7.Clinical and genetic characteristics of young patients with myeloproliferative neoplasms
Mengyu ZHANG ; Mei BAO ; Dayu SHI ; Hongxia SHI ; Xiaoli LIU ; Na XU ; Minghui DUAN ; Junling ZHUANG ; Xin DU ; Ling QIN ; Wuhan HUI ; Rong LIANG ; Meifang WANG ; Ye CHEN ; Dongyun LI ; Wei YANG ; Gusheng TANG ; Weihua ZHANG ; Xia KUANG ; Wei SU ; Yanqiu HAN ; Limei CHEN ; Jihong XU ; Zhuogang LIU ; Jian HUANG ; Chunting ZHAO ; Hongyan TONG ; Jianda HU ; Chunyan CHEN ; Xiequn CHEN ; Zhijian XIAO ; Qian JIANG
Chinese Journal of Hematology 2023;44(3):193-201
Objectives:To investigate the clinical and genetic features of young Chinese patients with myeloproliferative neoplasms (MPN) .Methods:In this cross-sectional study, anonymous questionnaires were distributed to patients with MPN patients nationwide. The respondents were divided into 3 groups based on their age at diagnosis: young (≤40 years) , middle-aged (41-60 years) , and elderly (>60 years) . We compared the clinical and genetic characteristics of three groups of MPN patients.Results:1727 assessable questionnaires were collected. There were 453 (26.2%) young respondents with MPNs, including 274 with essential thrombocythemia (ET) , 80 with polycythemia vera (PV) , and 99 with myelofibrosis.
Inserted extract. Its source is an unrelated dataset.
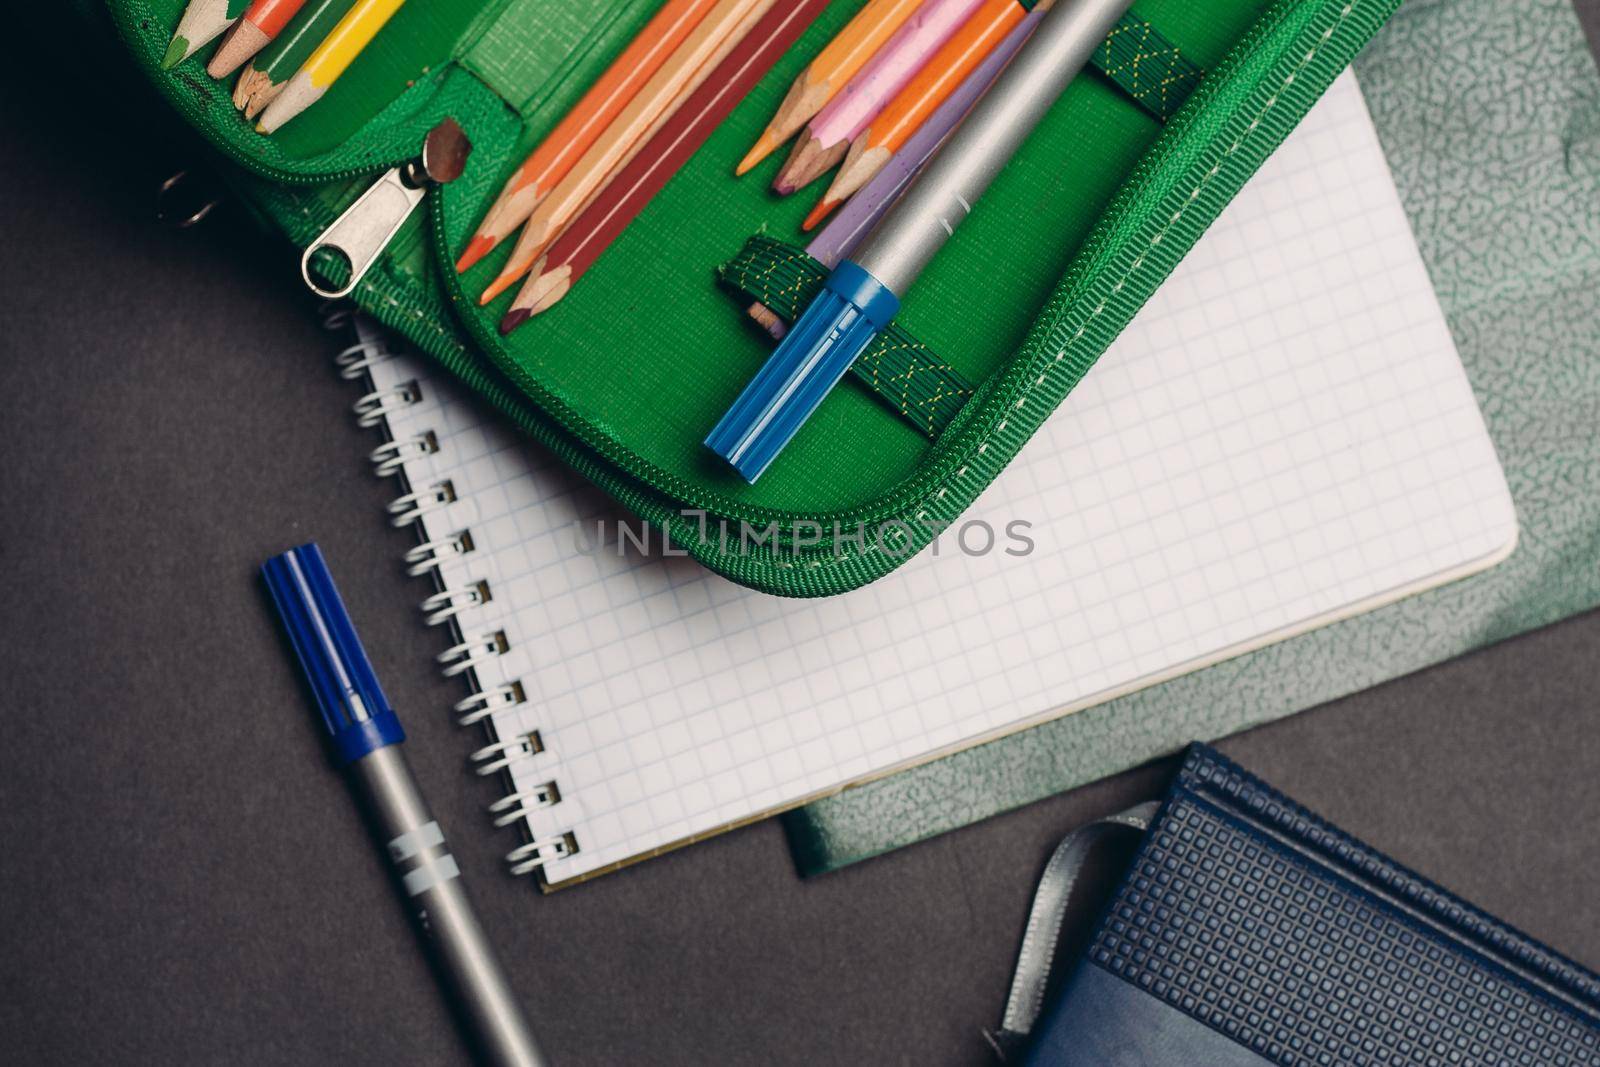 green pencil case with pencils design object school supplies. High quality photo

Among the young group, 178 (39.3%) were male, and the median age was 31 (18-40) years. In comparison to middle-aged and elderly respondents, young respondents with MPN were more likely to present with a higher proportion of unmarried status (all P<0.001) , a higher education level (all P<0.001) , less comorbidity (ies) , fewer medications (all P<0.001) , and low-risk stratification (all P<0.001) . Younger respondents experienced headache (ET, P<0.001; PV, P=0.007; MF, P=0.001) at diagnosis, had splenomegaly at diagnosis (PV, P<0.001) , and survey (ET, P=0.052; PV, P=0.063) . Younger respondents had fewer thrombotic events at diagnosis (ET, P<0.001; PV, P=0.011) and during the survey (ET, P<0.001; PV, P=0.003) . JAK2 mutations were found in fewer young people (ET, P<0.001; PV, P<0.001; MF, P=0.013) ; however, CALR mutations were found in more young people (ET, P<0.001; MF, P=0.015) . Furthermore, mutations in non-driver genes (ET, P=0.042; PV, P=0.043; MF, P=0.004) and high-molecular risk mutations (ET, P=0.024; PV, P=0.023; MF, P=0.001) were found in fewer young respondents. Conclusion:Compared with middle-aged and elderly patients, young patients with MPN had unique clinical and genetic characteristics.